(Data entries)
==========

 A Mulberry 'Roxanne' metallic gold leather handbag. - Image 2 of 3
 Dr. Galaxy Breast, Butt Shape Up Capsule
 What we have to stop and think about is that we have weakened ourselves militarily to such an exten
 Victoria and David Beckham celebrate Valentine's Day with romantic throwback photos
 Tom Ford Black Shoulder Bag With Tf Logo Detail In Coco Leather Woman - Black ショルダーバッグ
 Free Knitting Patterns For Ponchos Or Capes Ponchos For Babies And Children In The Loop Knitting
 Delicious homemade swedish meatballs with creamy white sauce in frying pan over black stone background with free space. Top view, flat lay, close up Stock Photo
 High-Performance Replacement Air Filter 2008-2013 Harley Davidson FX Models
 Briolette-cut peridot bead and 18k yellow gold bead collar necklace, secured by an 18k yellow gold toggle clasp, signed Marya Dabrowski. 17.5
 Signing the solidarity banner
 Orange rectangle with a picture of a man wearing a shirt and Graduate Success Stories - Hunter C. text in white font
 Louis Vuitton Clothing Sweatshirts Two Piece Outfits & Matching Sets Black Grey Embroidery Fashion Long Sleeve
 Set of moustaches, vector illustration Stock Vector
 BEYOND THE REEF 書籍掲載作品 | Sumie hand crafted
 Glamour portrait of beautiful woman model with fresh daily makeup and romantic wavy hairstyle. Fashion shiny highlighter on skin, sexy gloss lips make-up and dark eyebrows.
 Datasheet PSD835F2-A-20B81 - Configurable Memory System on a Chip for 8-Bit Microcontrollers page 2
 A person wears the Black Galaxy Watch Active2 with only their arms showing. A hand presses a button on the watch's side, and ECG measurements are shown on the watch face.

==========

## DESCRIPTION OF THE TASK
Write out the lines of the entries, word for word, from the first through the one containing "Tom Ford Black", and stop at that line.

## EXERCISE RESULT
 A Mulberry 'Roxanne' metallic gold leather handbag. - Image 2 of 3
 Dr. Galaxy Breast, Butt Shape Up Capsule
 What we have to stop and think about is that we have weakened ourselves militarily to such an exten
 Victoria and David Beckham celebrate Valentine's Day with romantic throwback photos
 Tom Ford Black Shoulder Bag With Tf Logo Detail In Coco Leather Woman - Black ショルダーバッグ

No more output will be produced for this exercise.